### Exercise instructions
Without any images, write the listing below out word for word.

+++ The data

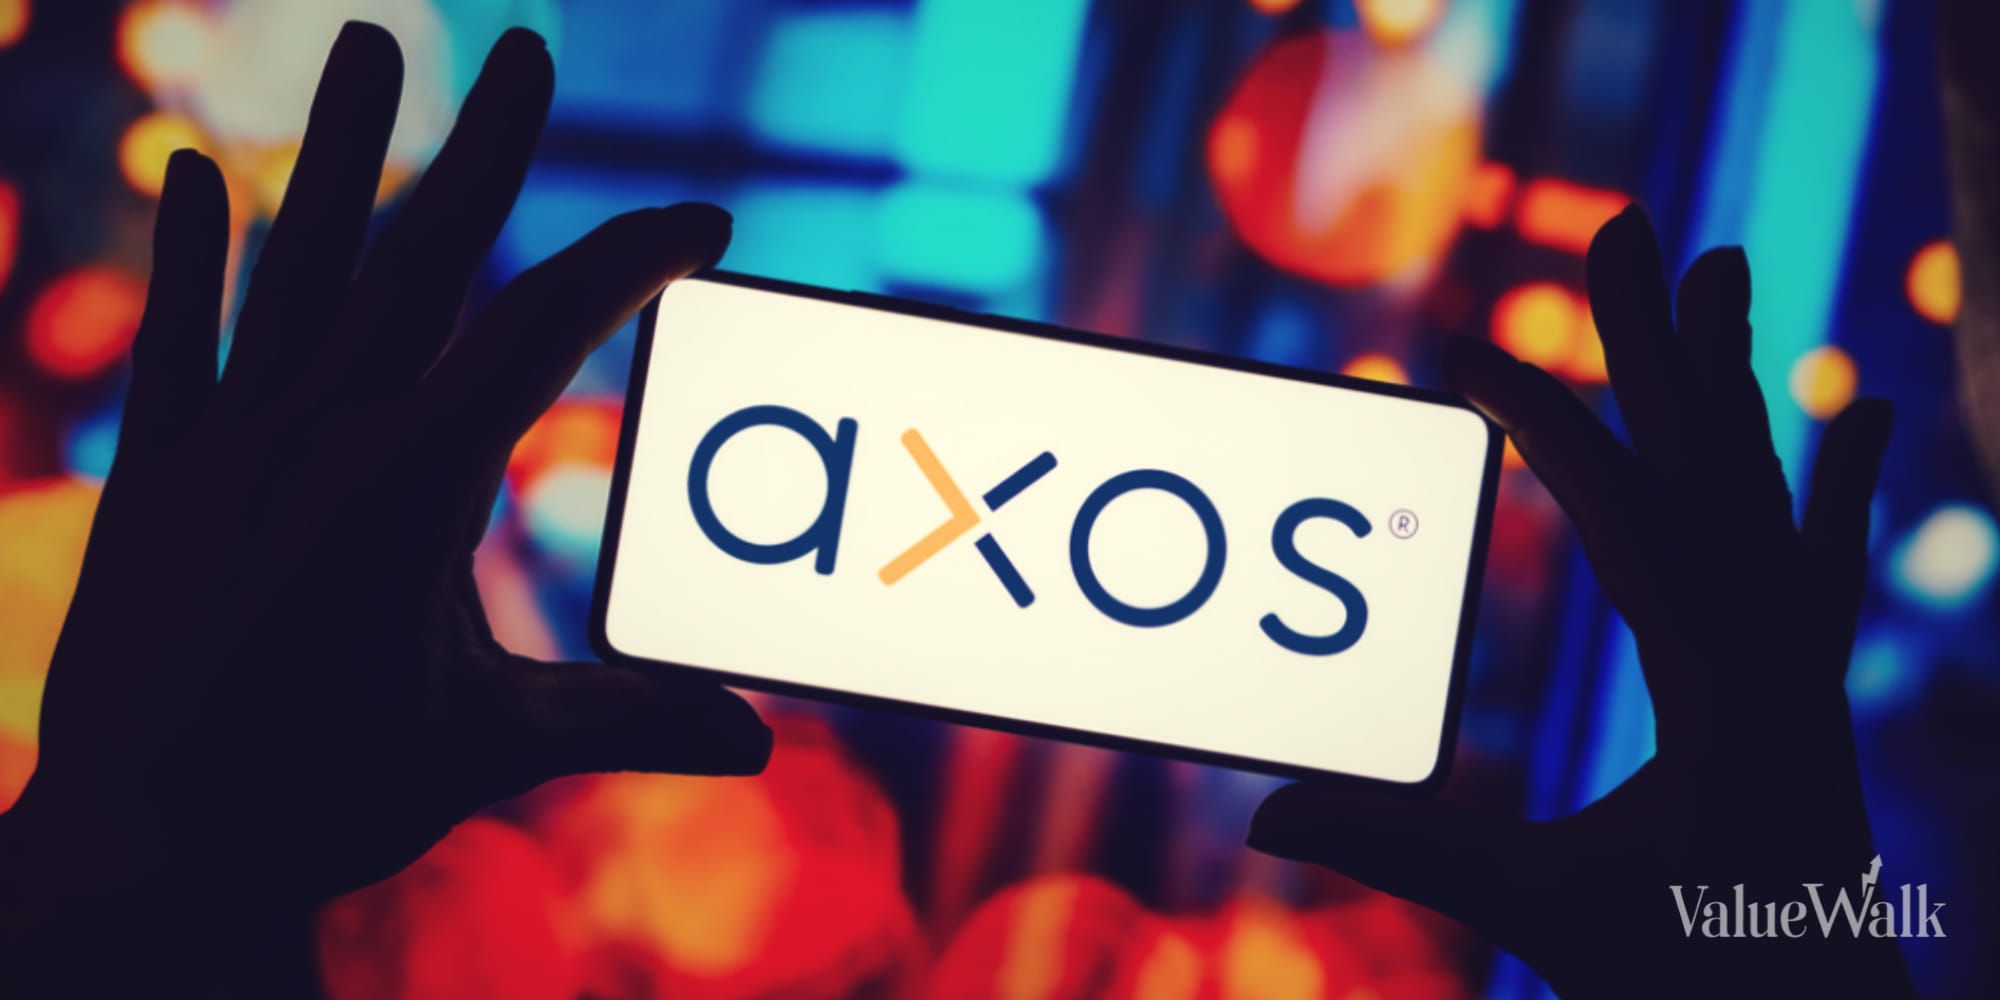 Axos Financial Cheap Bank Stock
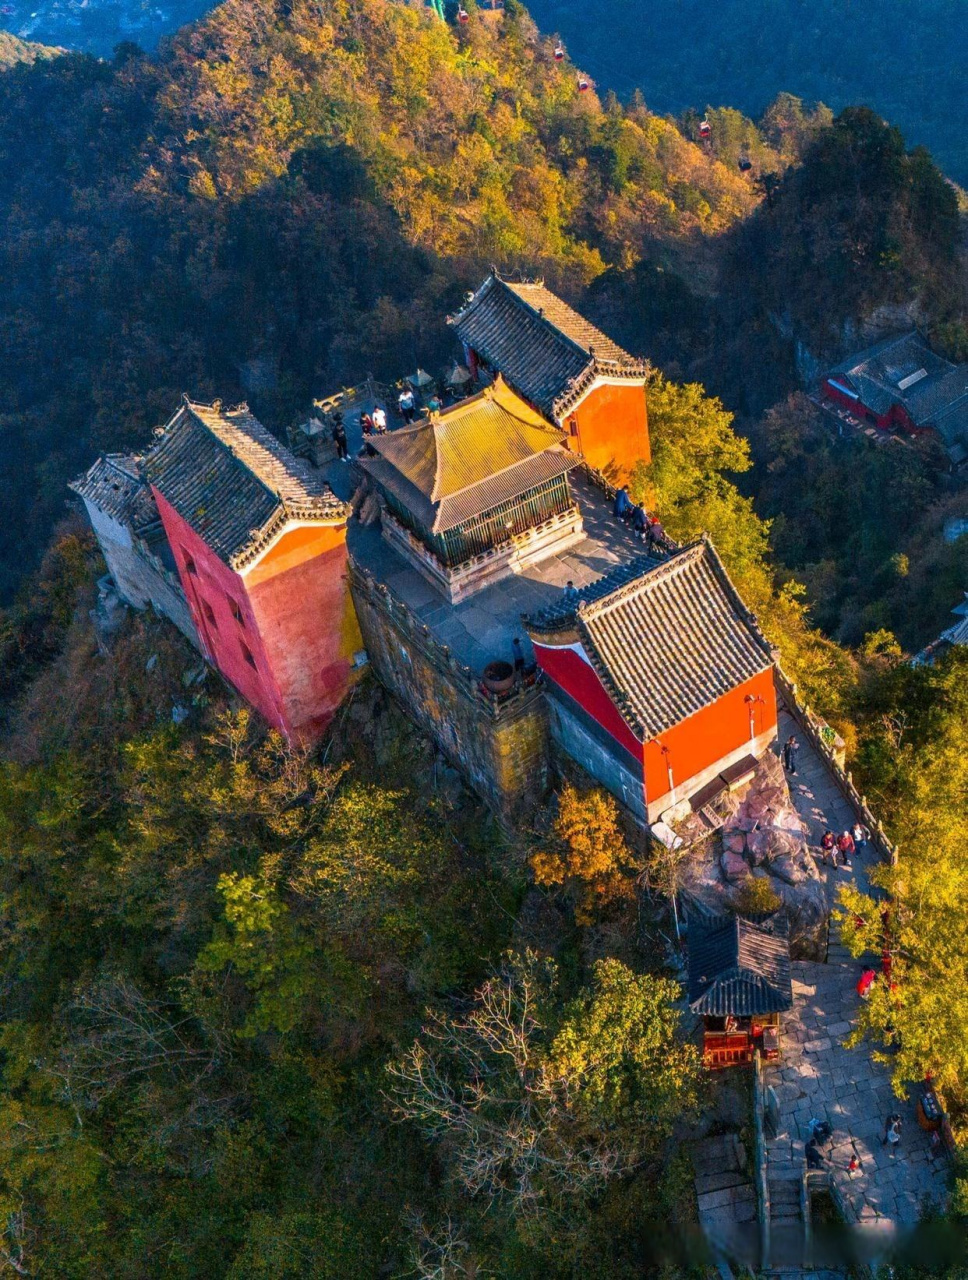 武当山是中国道家文化的发源地,被誉为武当圣地,也是全球道教信仰的
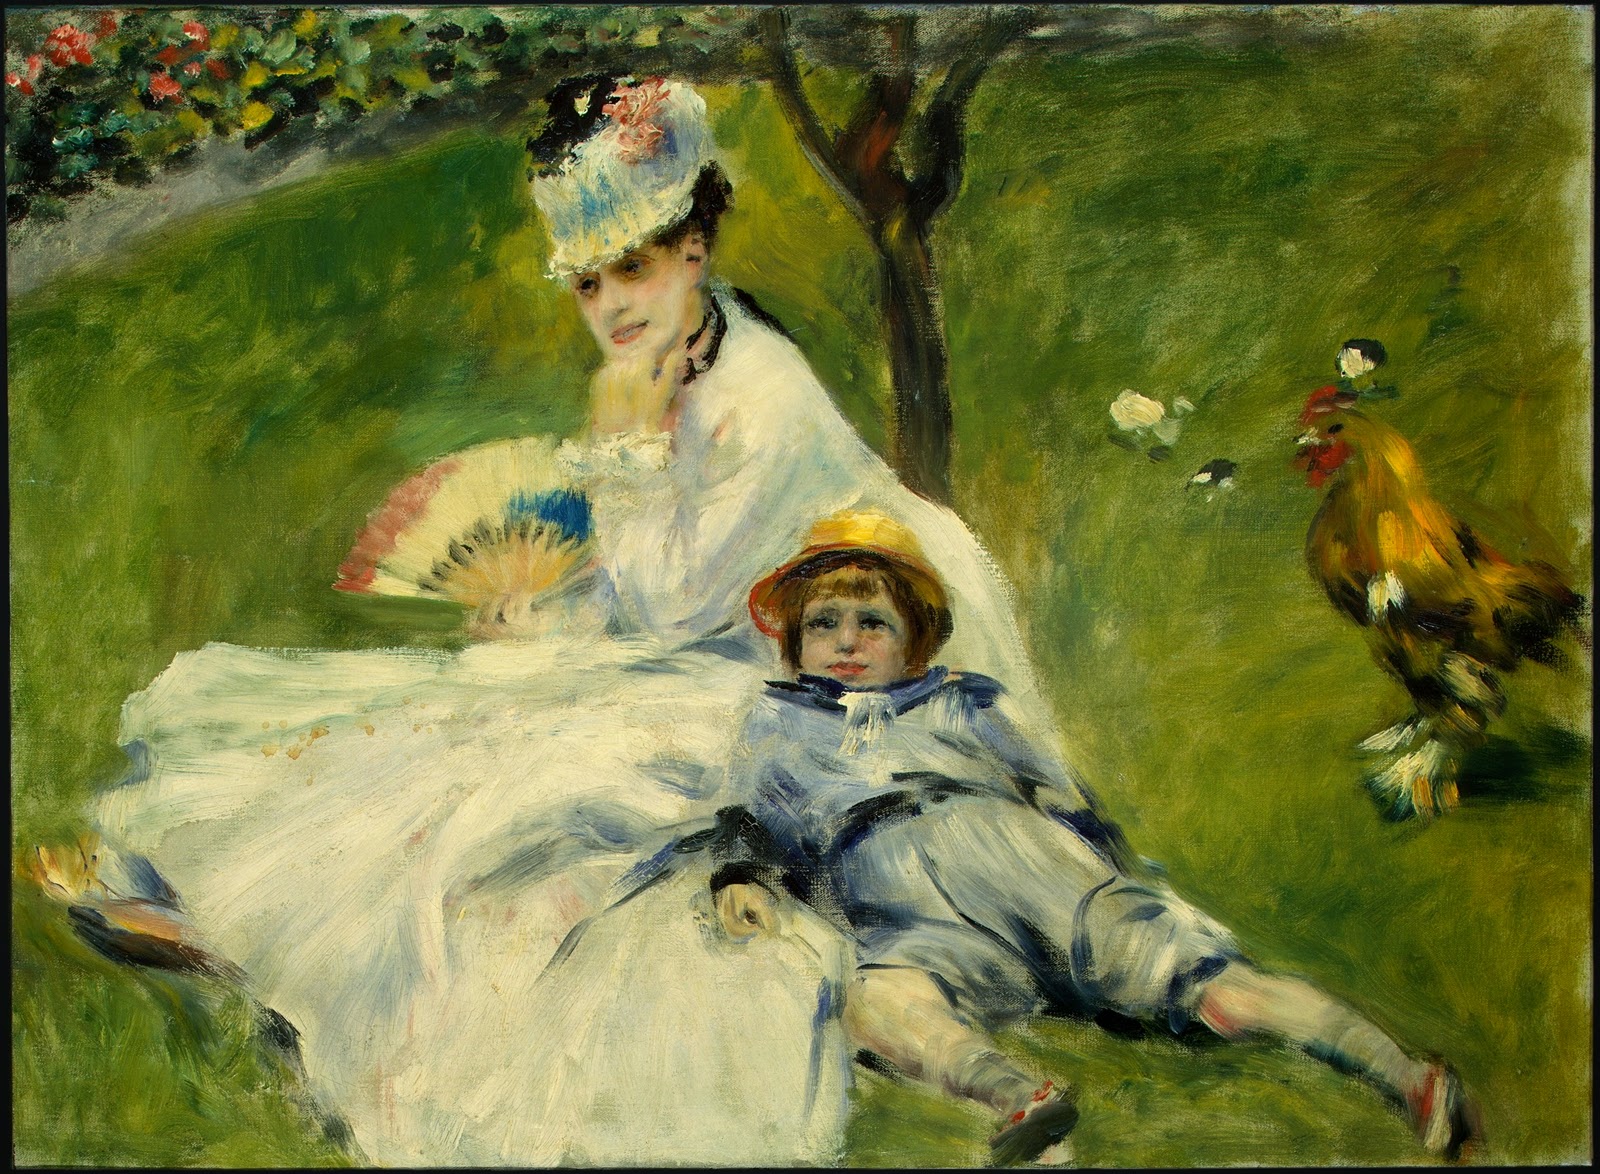 Pierre+Auguste+Renoir-1841-1-19 (284).jpg

++++++

### Exercise output
 Axos Financial Cheap Bank Stock
 武当山是中国道家文化的发源地,被誉为武当圣地,也是全球道教信仰的
 Pierre+Auguste+Renoir-1841-1-19 (284).jpg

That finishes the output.